Porém, como as outras abordagens, esta também tem suas limitacões. A mais importante das quais, é de que ela é incapaz de delimitar a fronteira entre a racionalidade e irracionalidade política na hora do voto, dado que sugere que a decisão do voto é baseado na avaliação do desempenho.

Como se pode notar, estes três modelos, considerados clássicos, procuram explicar tanto os factores que conduzem os eleitores a exercerem o seu direito de voto assim como a se absterem dos processos eleitorais, mas todos tem suas limitações. A limitação que lhes é comum é o facto de serem mutuamente excludentes, o que Sinnott (2003) procura ultrapassar ao propor um novo modelo.

2.2.4 Modelo de Sinnott

Recentemente desenvolvida, esta matriz condensa as contribuições dos anteriores modelos na explicação do comportamento eleitoral. Este modelo iniciou com os de trabalhos de Aldrich (1993), Franklin (1996) e Blais 2000), que usaram as assumpções do modelo racional como base de análise. Embora o modelo seja atribuído à Sinnott, este reconhece os avanços dados por estes autores na concepção da sua matriz.

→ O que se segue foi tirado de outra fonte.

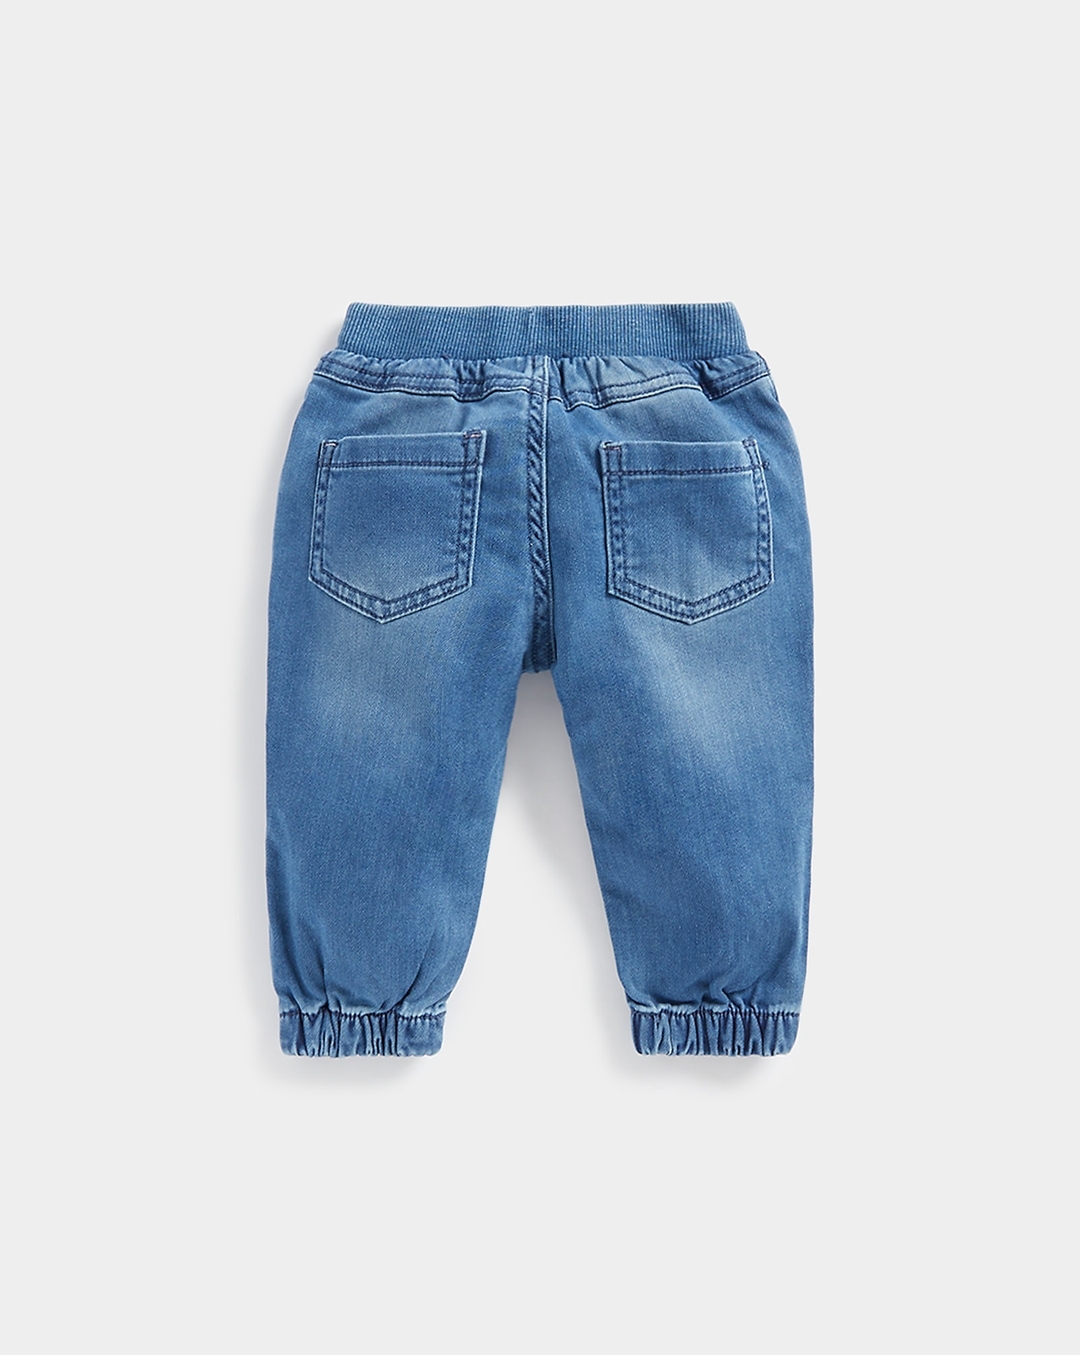 Buy Girls Jeans-Denim Online at Best Price

A contribuição de Aldrich (1993) esta no facto deste acreditar que, porque as decisões de votar ou não são muitas vezes feitas à margem, a partir do momento que os custos e benefícios sofrem alguma mudança, a decisão dos cidadãos também irá alterar. Blair (2000) encorpara aspectos dos modelos Sociológico e Psicológico, dando importância a um conjunto de factores endógenos, a que chama de recursos, e a outros exógenos que designa de mobilização. O autor denomina estes factores de interpretações psicológicas e sociológicas.

Mas para Franklin (1996) os recursos e a mobilização são importantes, no entanto são insuficientes daí, ter incluído um novo elemento, que é o desejo de afectar o curso das decisões políticas. A este último factor o autor denominou de “motivação instrumental”, pois, segundo ele, abrange aspectos adicionais de participação política (Sinnott, 2003, p. 3).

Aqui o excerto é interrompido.